Sunday, 2 December 2012

Mind the Over-Sixties, Please!

My current bedtime reading is Dale Ralph Davis' excellent commentary on 1st Kings.  This American Presbyterian Old Testament theologian and preacher has the ability effortlessly`to get to the crux of any passage of Scripture.  His comments on 1st Kings 11:1-13 are most apt at this particular juncture.  Writing about Solomon in his later years he says, commenting on v.4:

"We must take a moment to be frightened.  'When Solomon was old...'  How that ext ought to goad older believers to pray the last petition of the Lord's Prayer (Mt.6:13a).  Is there not a warning to churches as well, who have a fixation on youth ministry and a love-affair with young marrieds and/or young families?  Need we not exercise far more vigilance over our over-sixties crowd, many of whom will doubtless meet the major troubles of their lives in their final years." (Christian Focus, Ross-shire, Scotland, 2002:113).

What a reminder to the many evangelical churches today that seem to neglect the over-sixties in favour of the worldly-minded and almost exclusive concentration on younger church members and adherents.  Today, the entire church service has to accommodate the YP groups.  The praise has to be modern and contemporary, and never must traditional hymns and Psalms be used.  In many evangelical churches, the thing that meets the eyes first when you enter the church is the church orchestra positioned at the front left or right hand side of the church and pulpit.  In earlier days, the first thing that caught your eye was the pulpit with the Bible on it; or a reading desk with open Bible positioned at or just above church floor level.  But today, it's the church band, or worship band.  What a change!

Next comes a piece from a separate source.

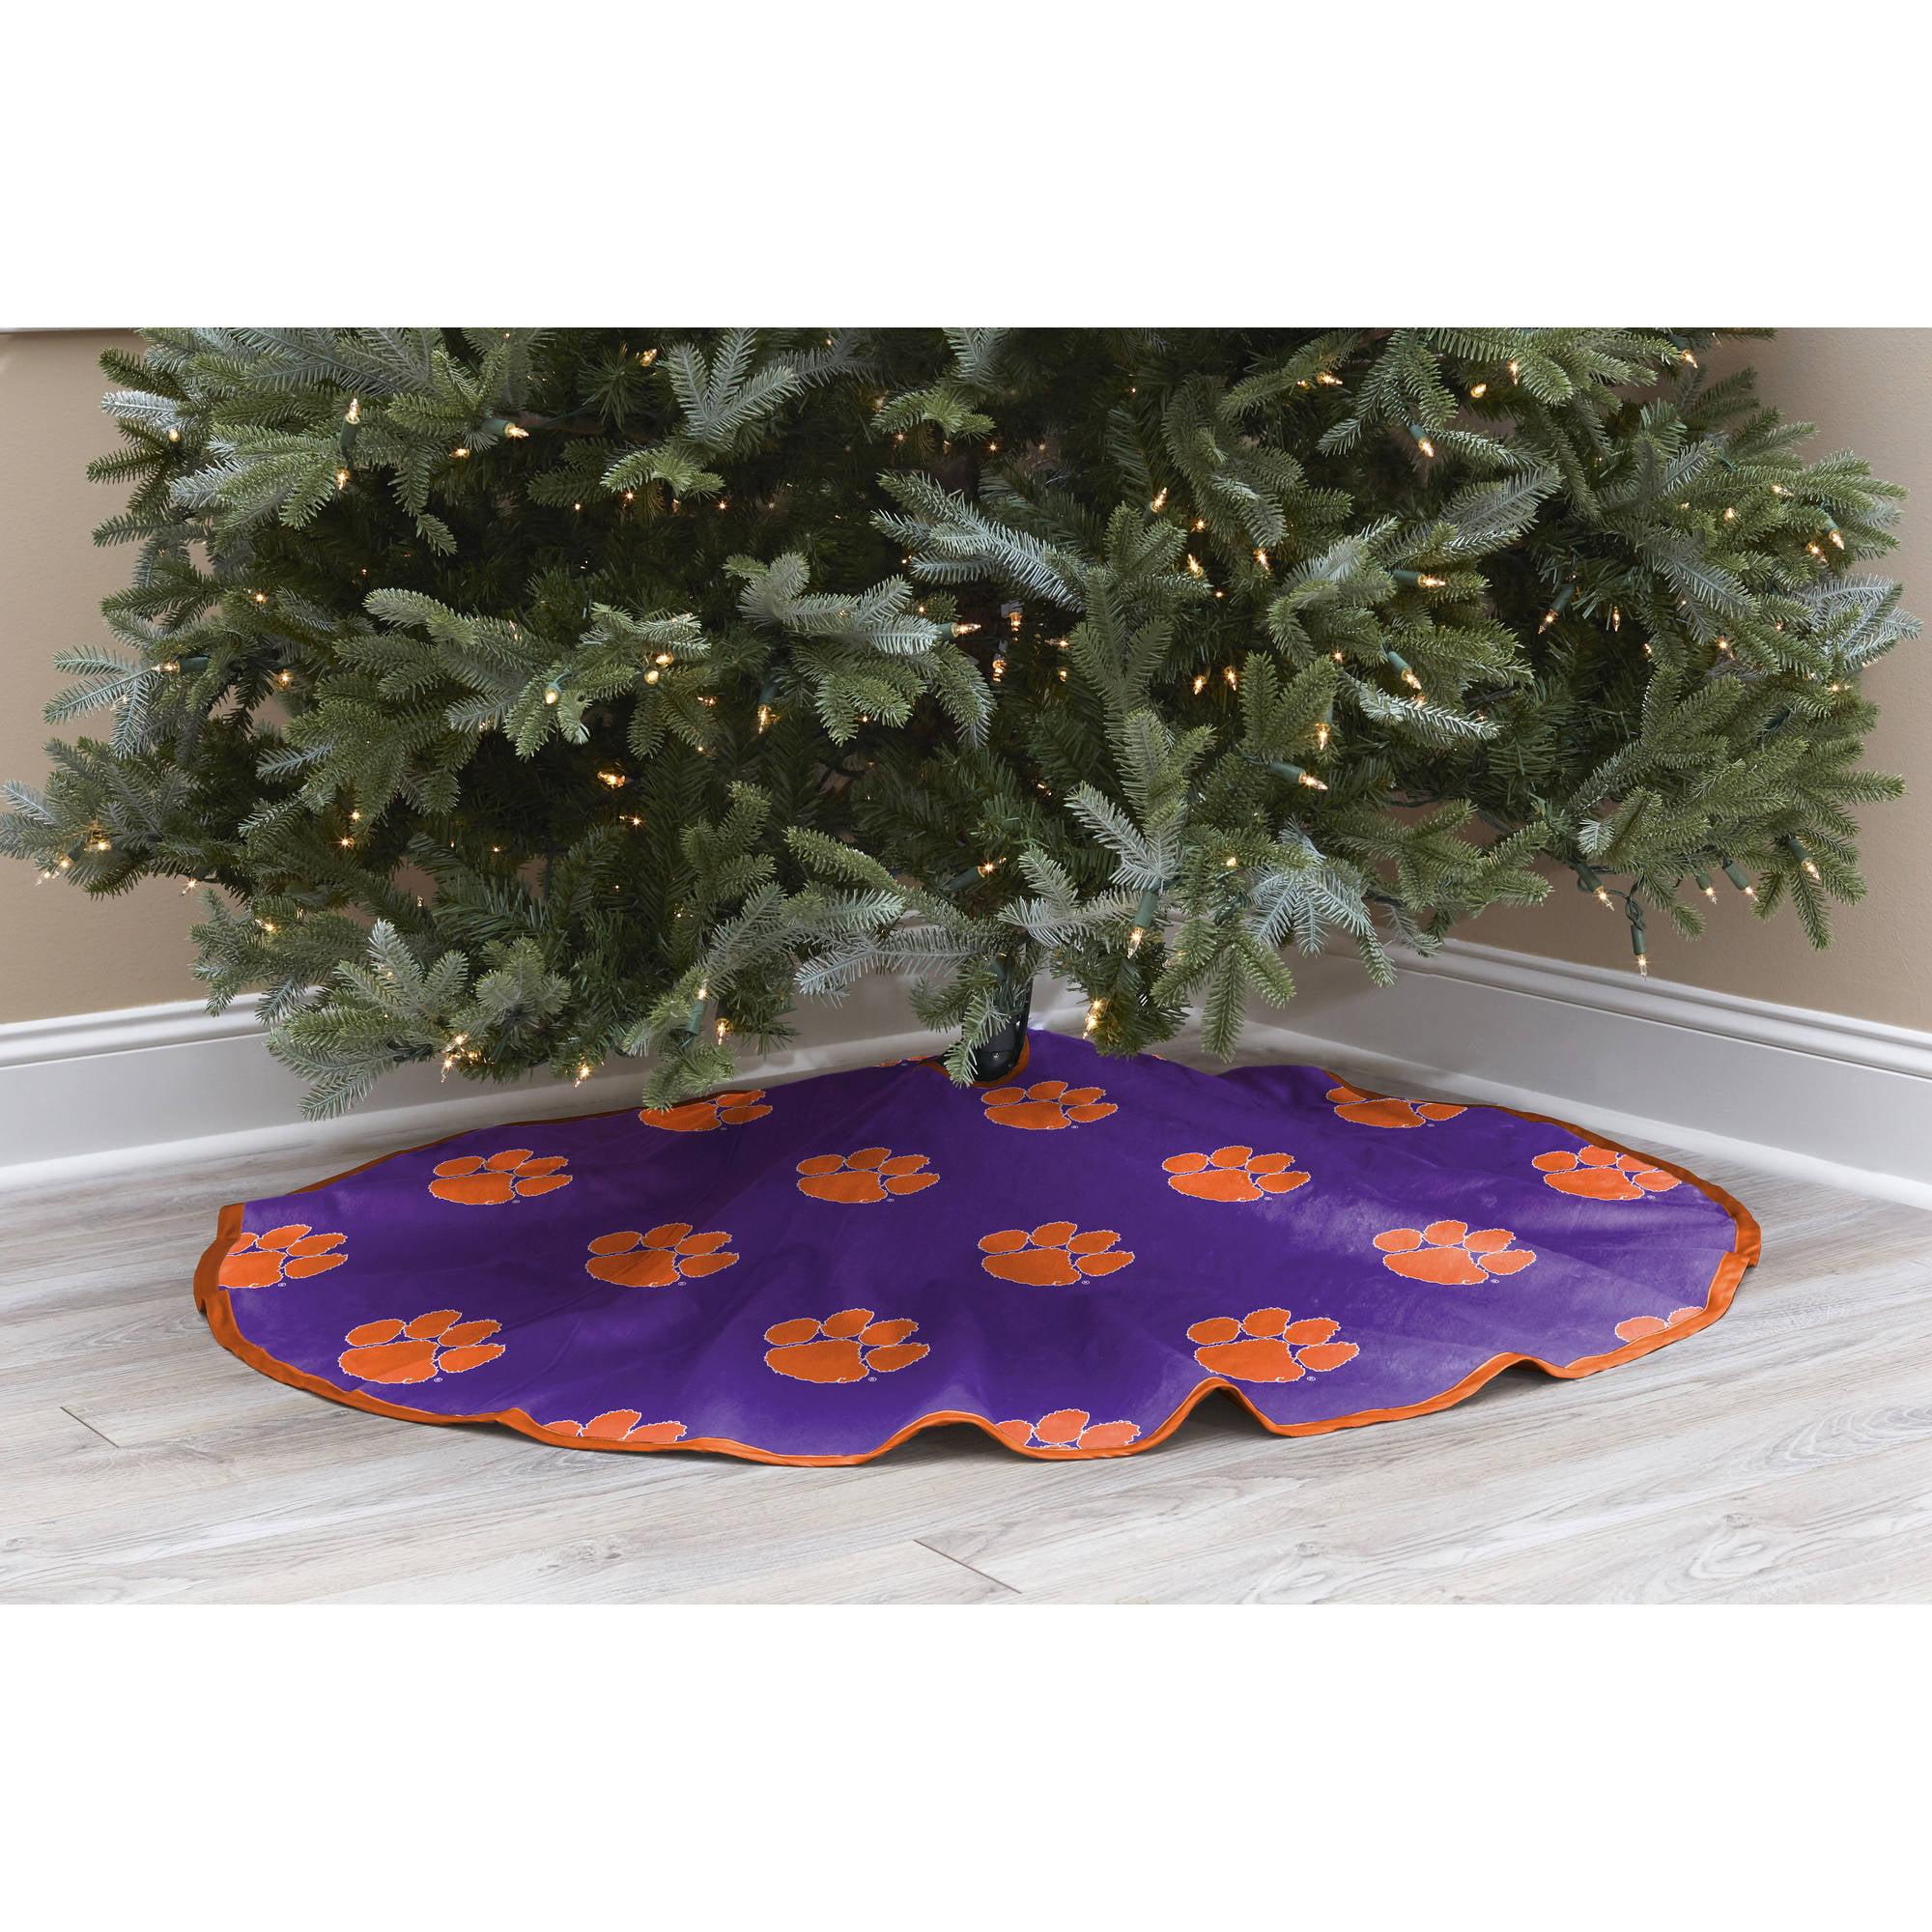 Clemson Christmas Tree: NCAA Licensed Logo Christmas Tree Skirt, Clemson

There are multiple organisations for every age-group but not much for the over-sixties (though some churches have a monthly meeting for the 'silver threads' age group.  But the church's fixation with youths and their worldly culture is increasing as it is nauseating.  Her love-affair with young families to the exclusion of older families is staring any objective observer right in the face.

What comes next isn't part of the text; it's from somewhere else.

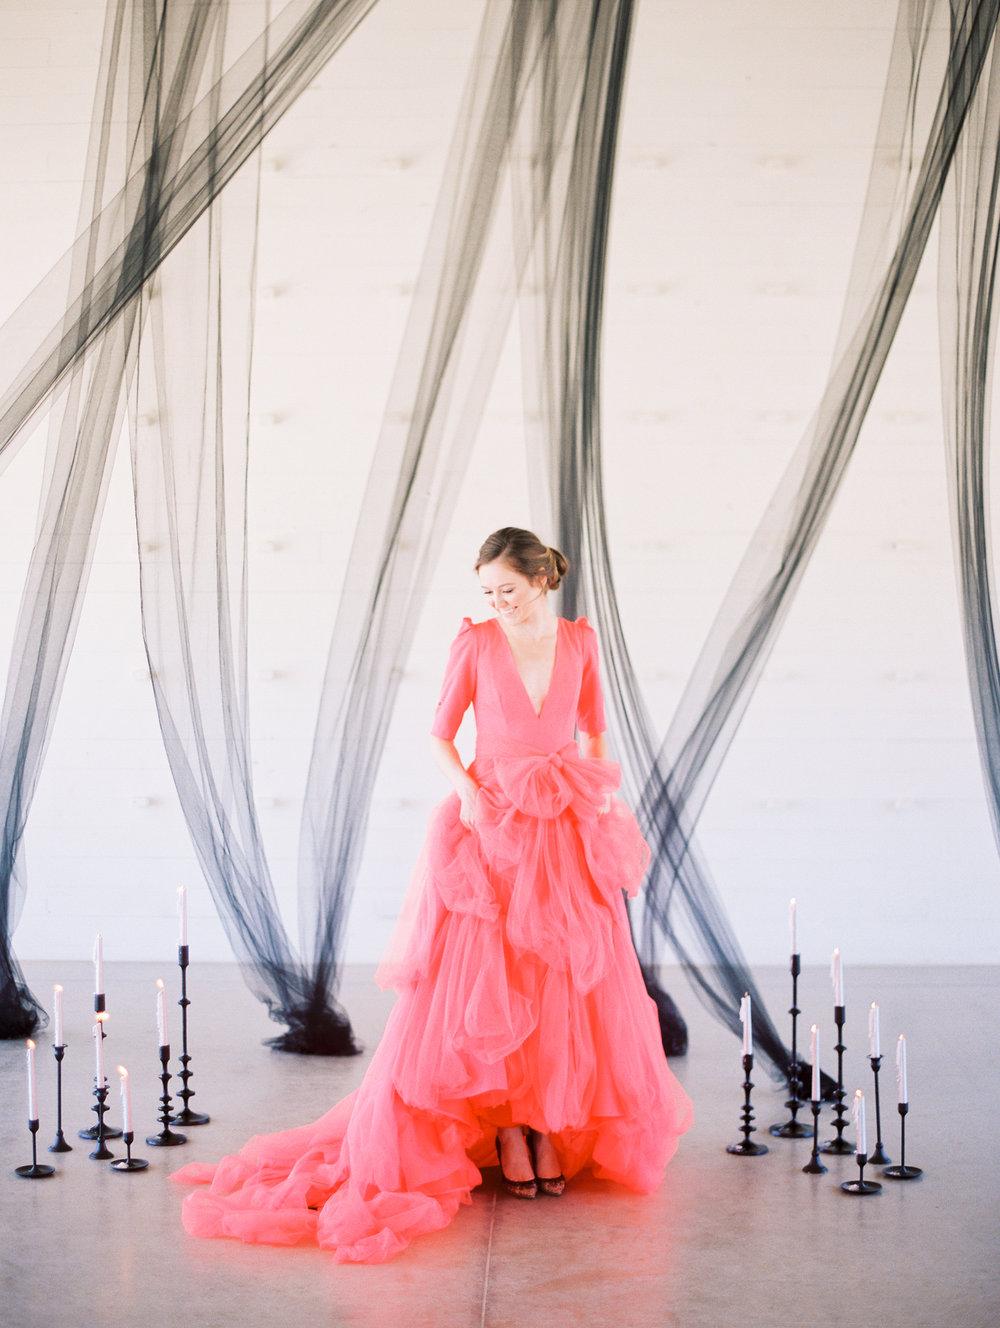 Kristin-La-Voie-Photography-Austin-Wedding-Photographer-Prospect-House-132.jpg

But if Davis is correct, and I suspect he is, then the church has a pastoral responsibility for those of riper years who, like Solomon, might find themselves being drawn away from the Lord by other things.  And it starts in the 'heart.'  It is a matter of the heart.  This term appears five times in verses 2-4.  The heart!  This is a hidden departure from the Lord that may not be seen for years; but it is nonetheless real, and very dangerous spiritually.  But the churches, with all their well academically qualified and trained ministers do not seem to recognise this as a pastoral reality.  The 'oldies' just do not matter.

But let everything be done for the young people.